TASK REQUIREMENTS:
Starting at the line with "La Facultad de", return every line through the final one of the data, word for word. Pictures stay out.

DATASET SECTION:
◆ ◆ ◆ ◆ ◆ ◆ ◆
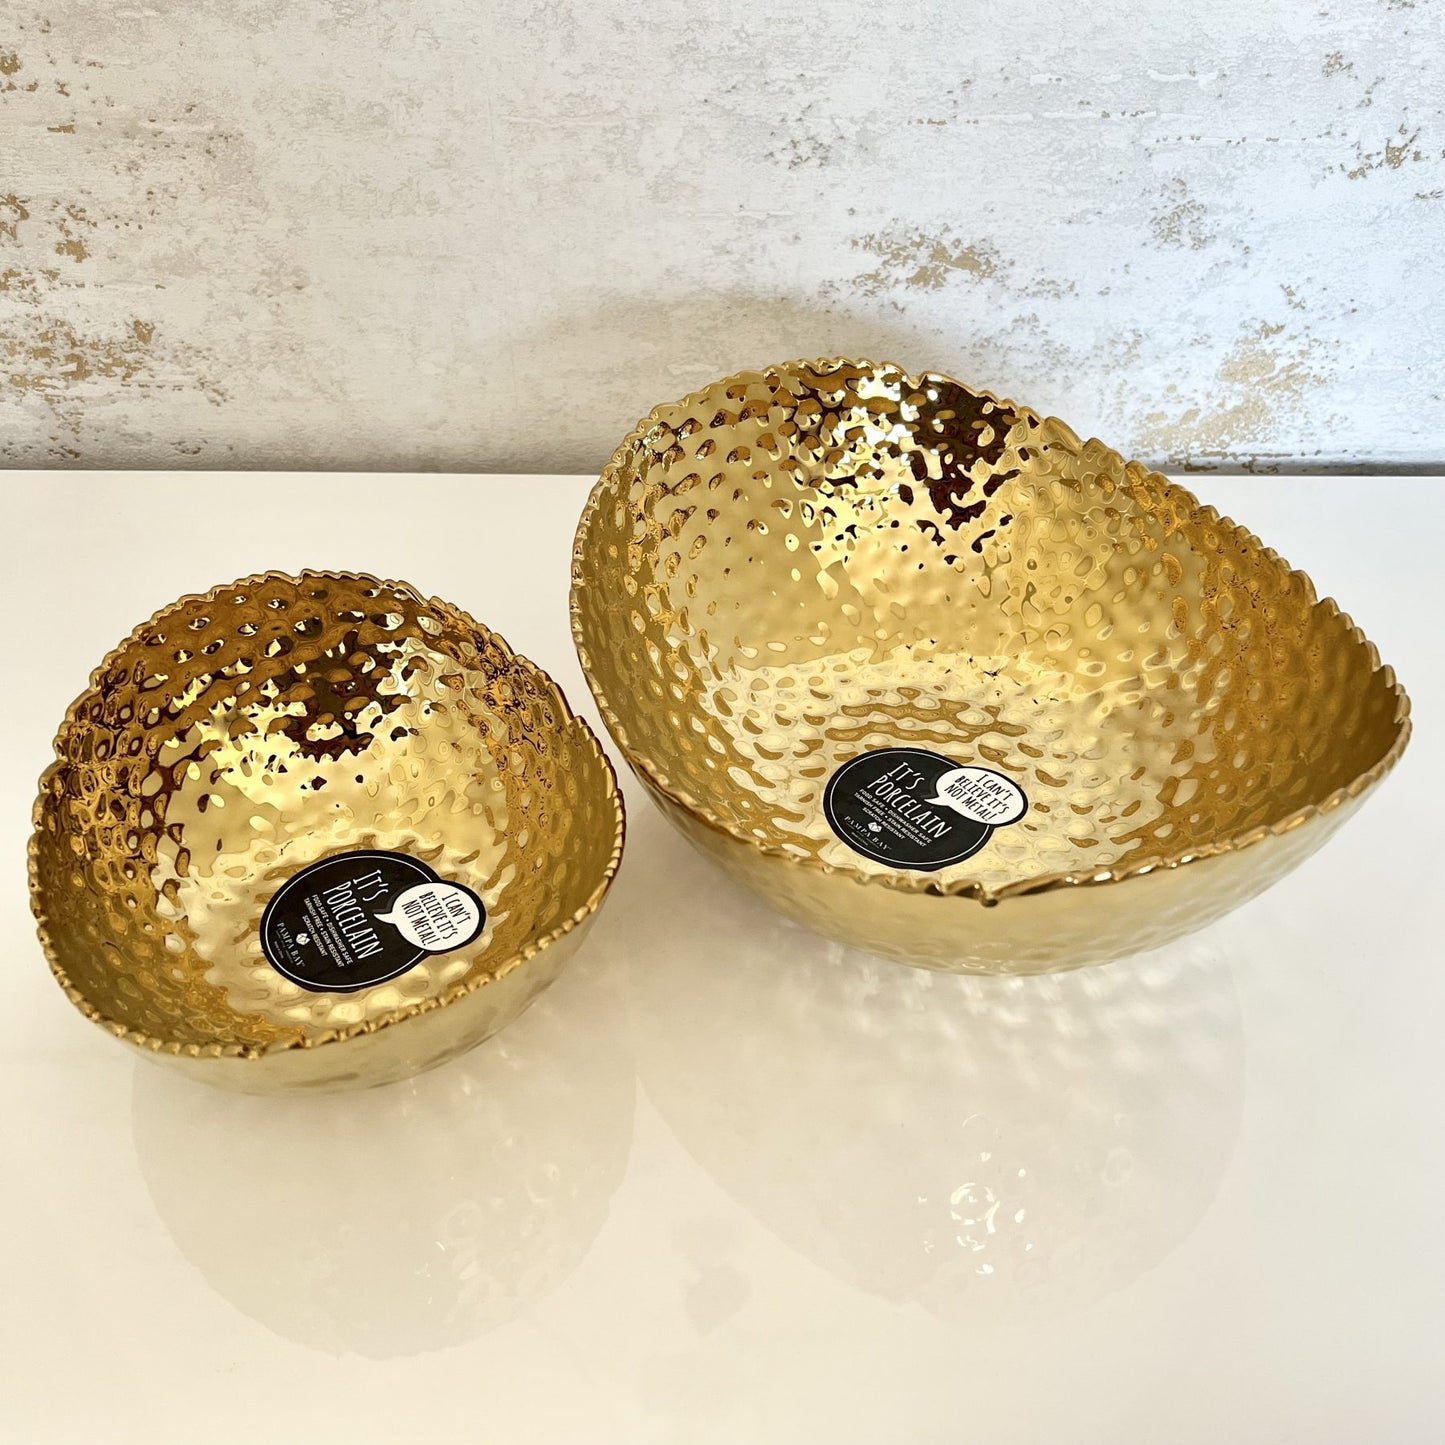 Gold Hammered Oval Porcelain Bowl
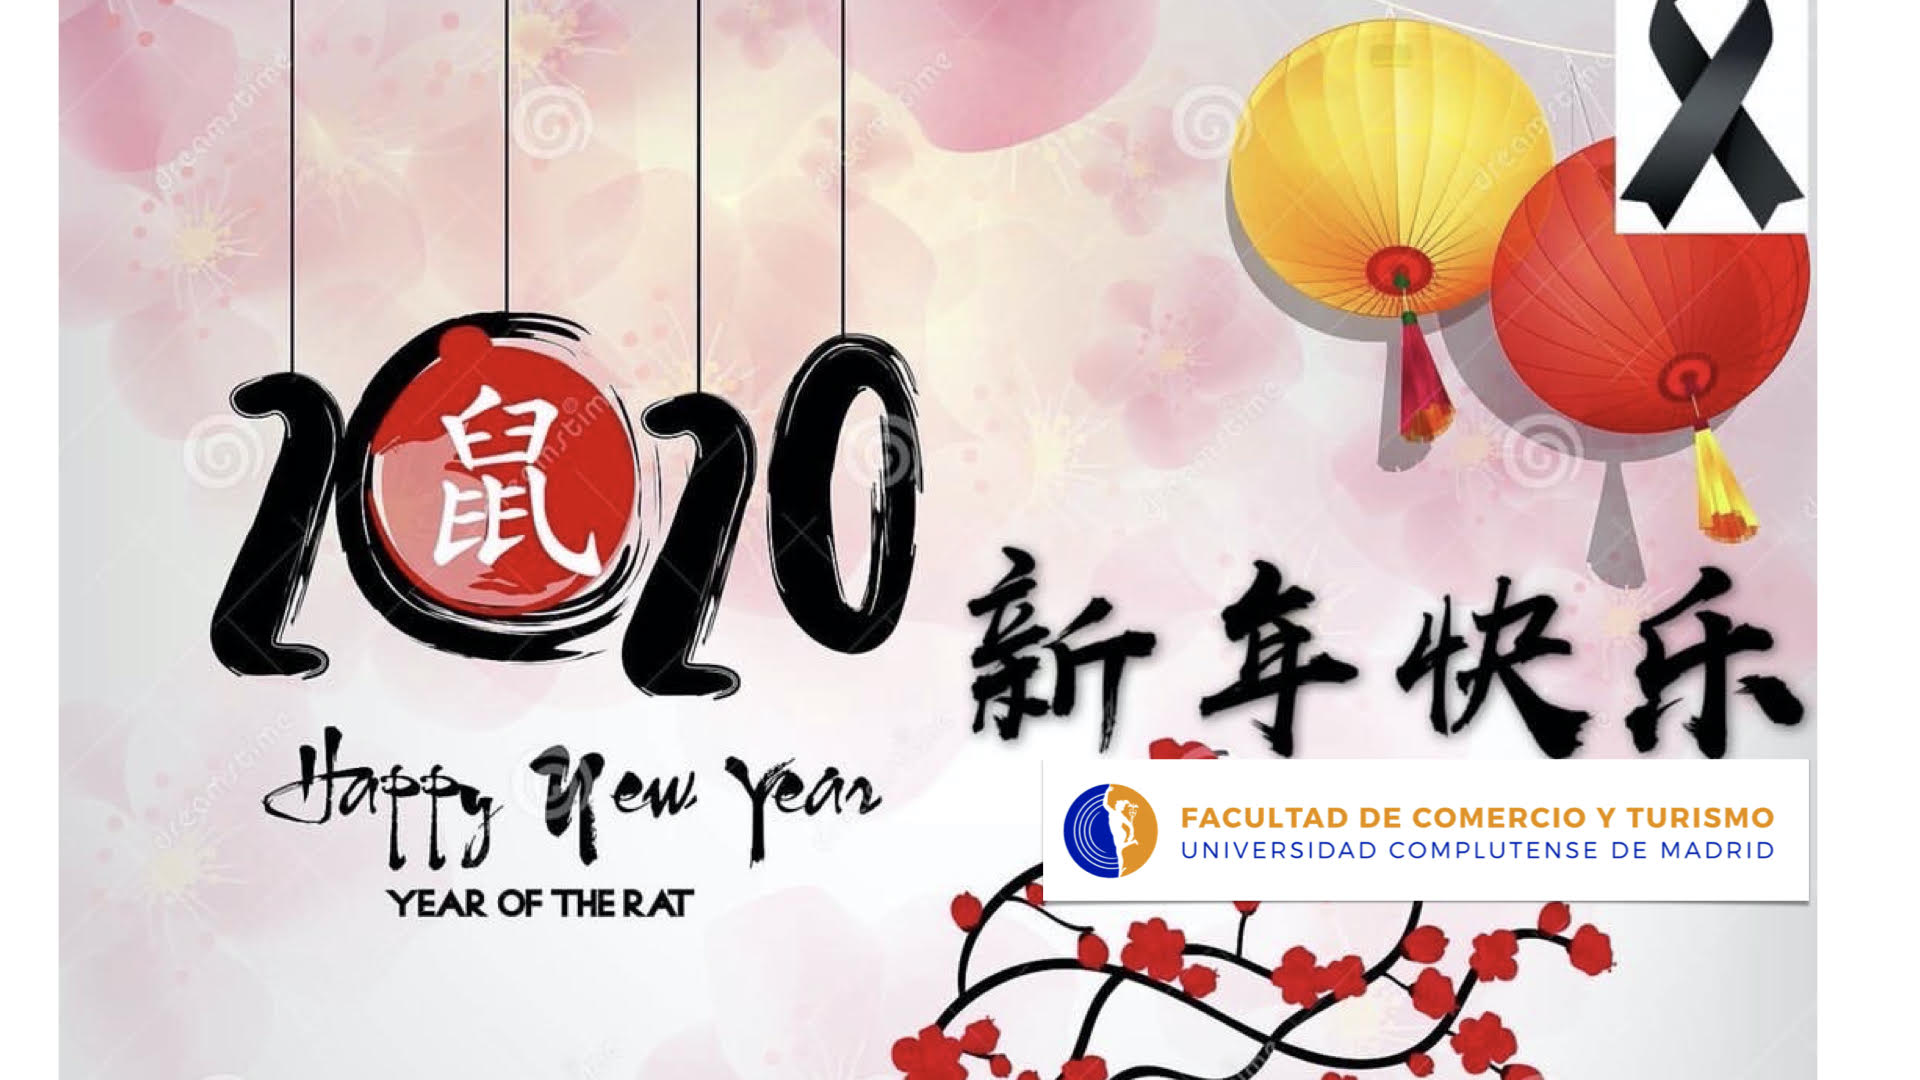 La Facultad de Comercio y Turismo felicita el Año Nuevo Chino
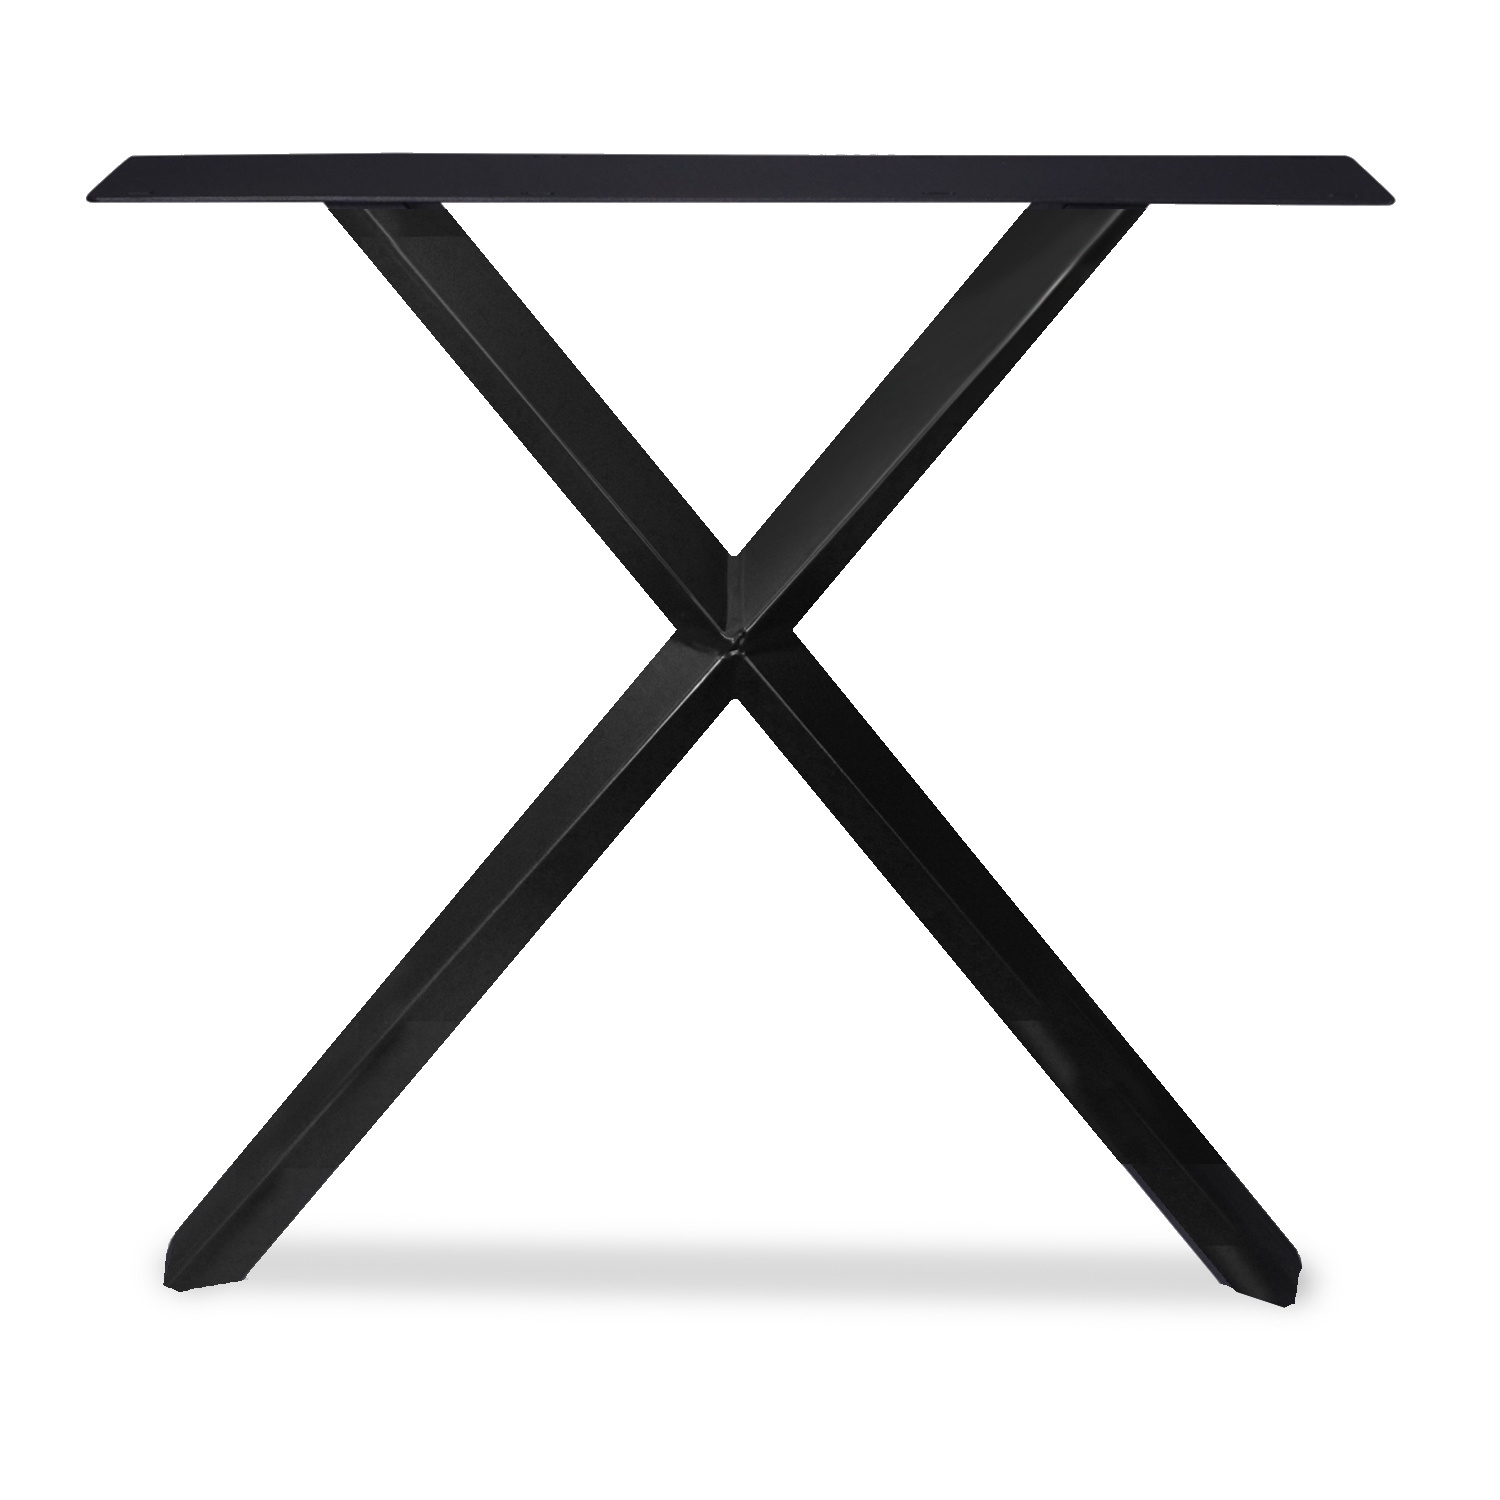  Tischbeine X-Stern Metall elegant SET (2 Stück) - 5,5x5,5 cm - 77-78 cm breit - 72 cm hoch - X-form Tischkufen / Tischgestell beschichtet - Schwarz
◆ ◆ ◆ ◆ ◆ ◆ ◆
EXERCISE ANSWER:
 La Facultad de Comercio y Turismo felicita el Año Nuevo Chino
  Tischbeine X-Stern Metall elegant SET (2 Stück) - 5,5x5,5 cm - 77-78 cm breit - 72 cm hoch - X-form Tischkufen / Tischgestell beschichtet - Schwarz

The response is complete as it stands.